427 – Anklage gegen Dr. Wiesinger
Ungeduldig ging Clemens Hardlinger auf dem Bahnsteig auf und ab. Dabei sah er immer wieder auf seine Uhr. Es war eine sehr alte und wertvolle Taschenuhr, die er von seinem Vater geerbt hatte. Mit einer silbernen Kette hatte er sie an einem Knopfloch seiner Weste befestigt. Es war kurz nach drei.
»Jetzt muß er aber bald kommen«, murmelte der Tierarzt im Selbstgespräch und steckte die Uhr wieder in die schmale Westentasche zurück.
Endlich hörte er aus dem Lautsprecher die Durchsage, daß der Interregio aus München in wenigen Minuten in den Bahnhof der Kreisstadt einfahren werde.
Dr.
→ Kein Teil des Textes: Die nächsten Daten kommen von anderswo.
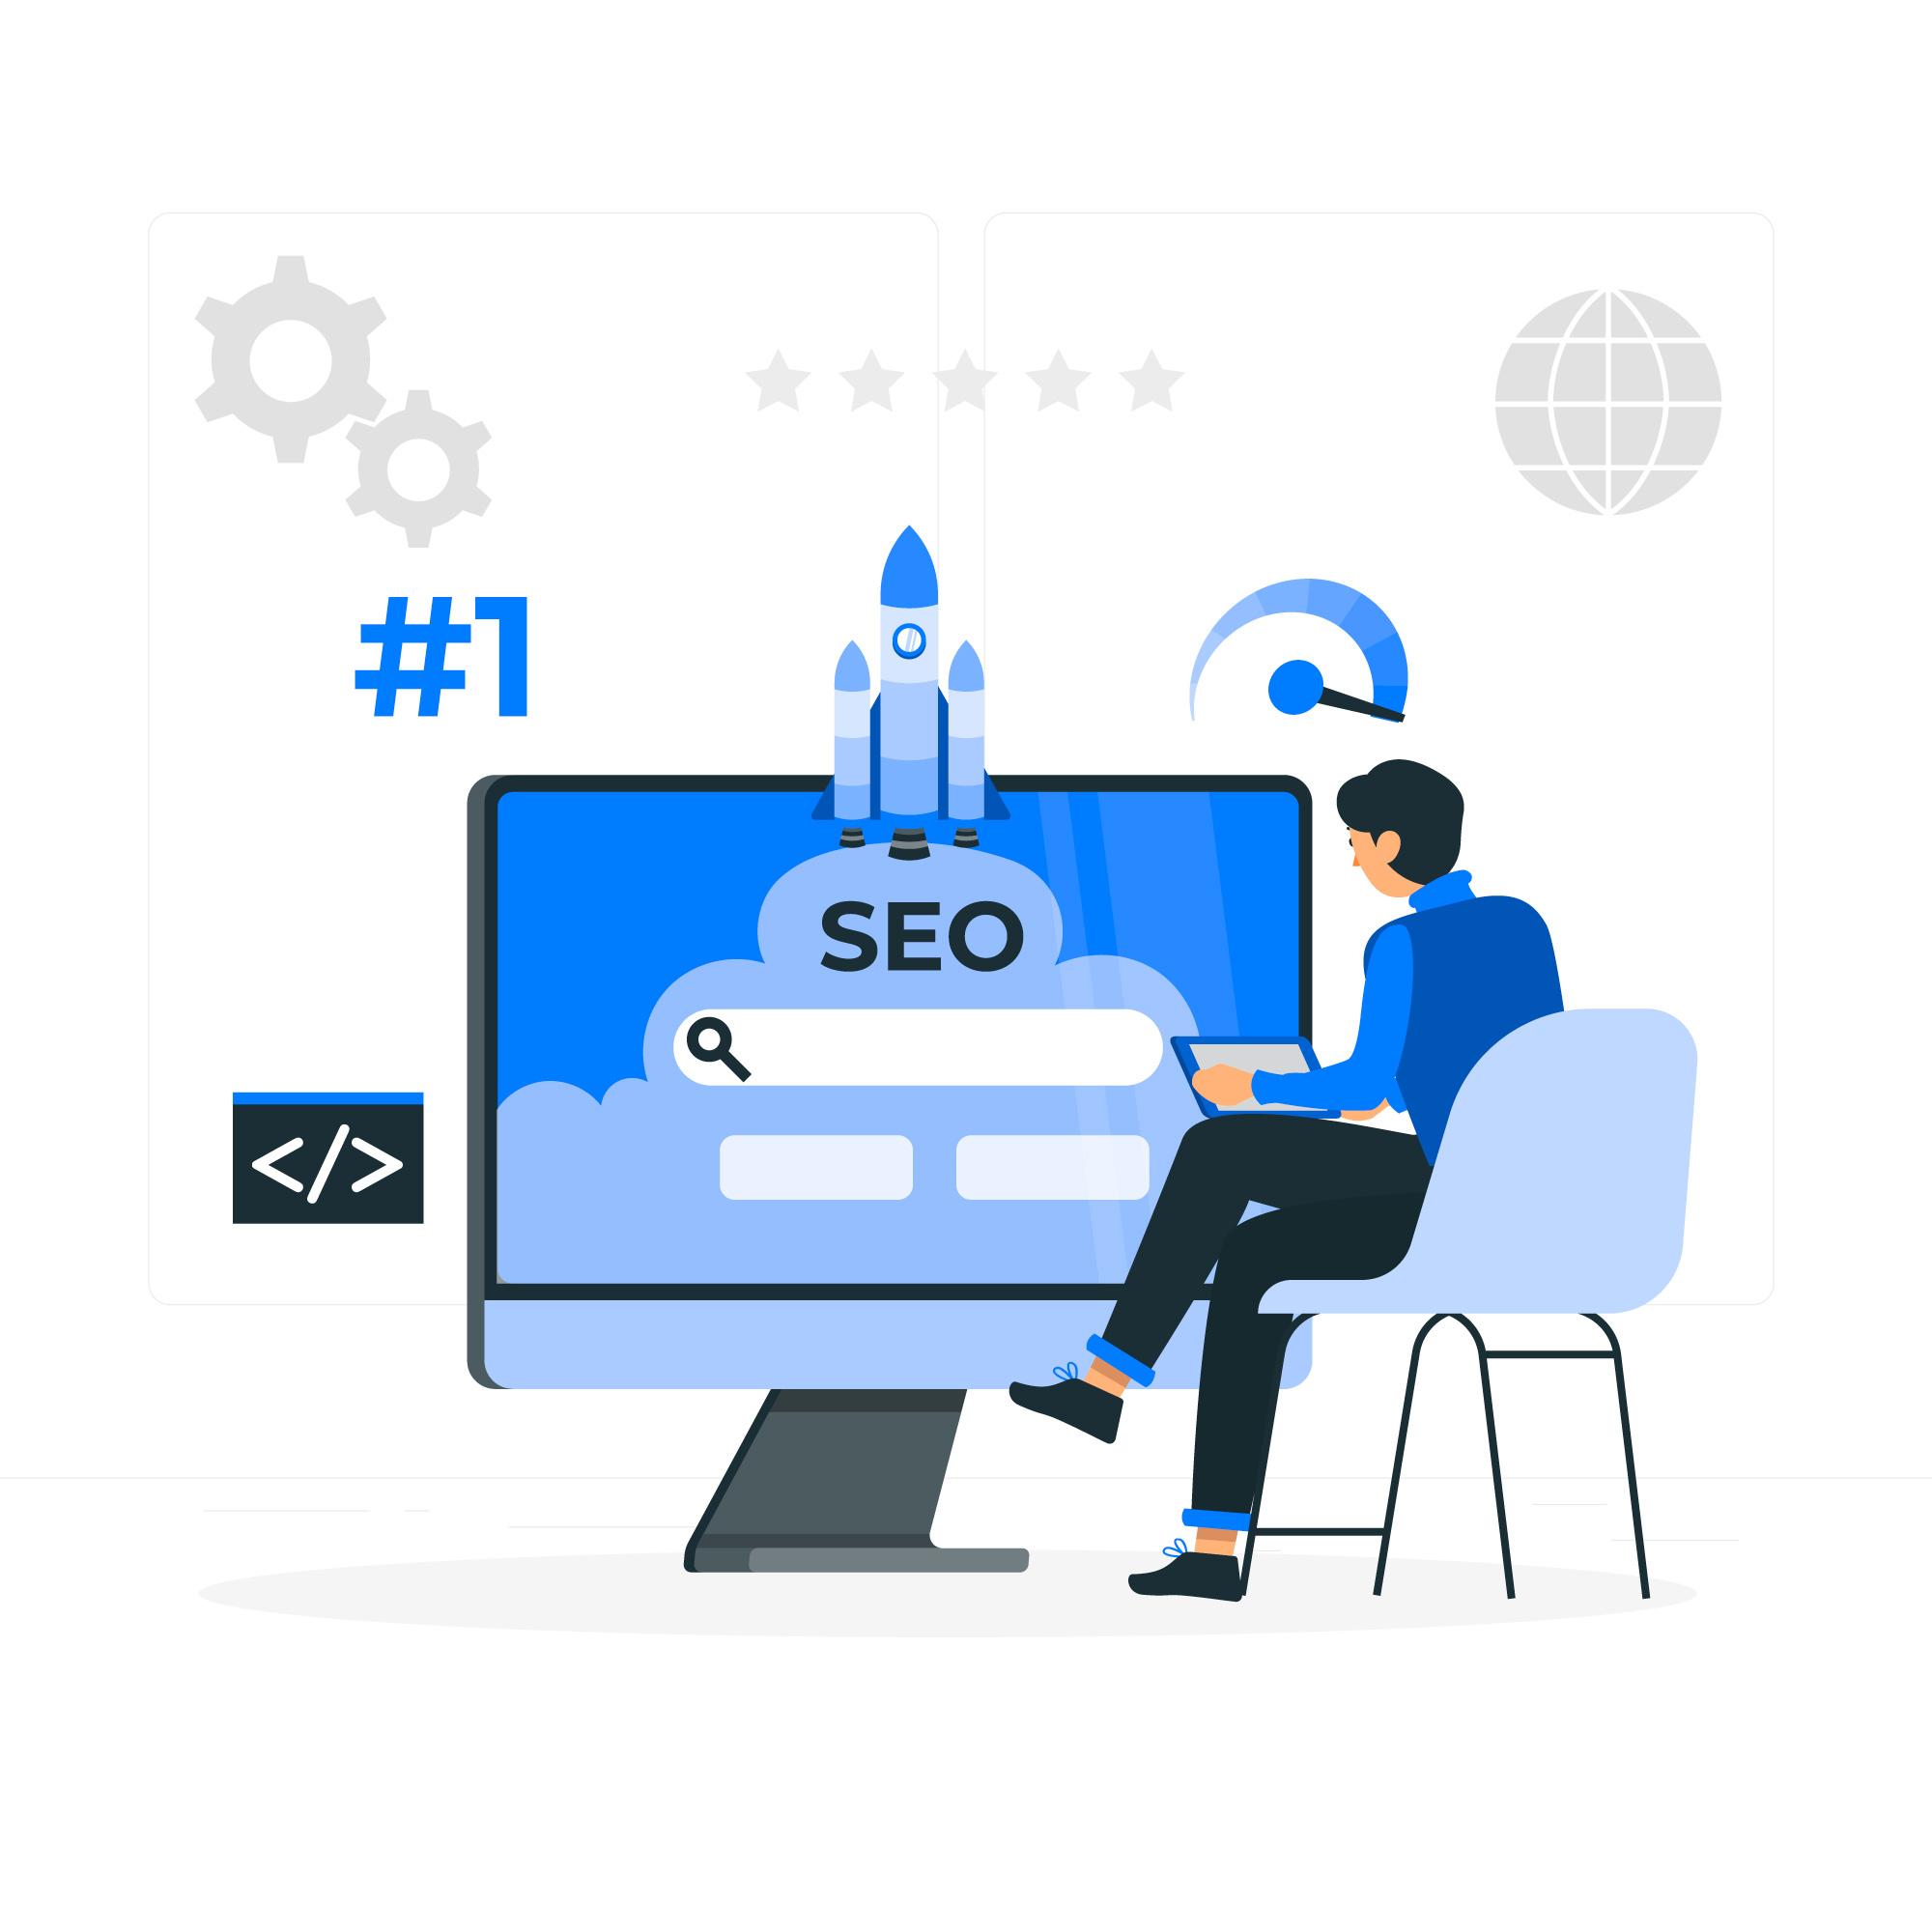 What is seo? what does seo stand for?

Hardlinger atmete erleichtert auf. Seit einer halben Stunde wartete er schon auf den Zug, mit dem seine Nichte, Sonja Aschmann, die Tochter seiner Schwester, ankommen sollte. Er freute sich über den Besuch des Madels, das zum ersten Mal seit vielen Jahren wieder Urlaub in St. Johann machen wollte. Allerdings pressierte es ihm auch, denn auf dem Brendelhof wartete ein Kalb darauf, das Licht der Welt zu erblicken, und der Tierarzt befürchtete Komplikationen. Deshalb wollte er so schnell wie möglich dorthin.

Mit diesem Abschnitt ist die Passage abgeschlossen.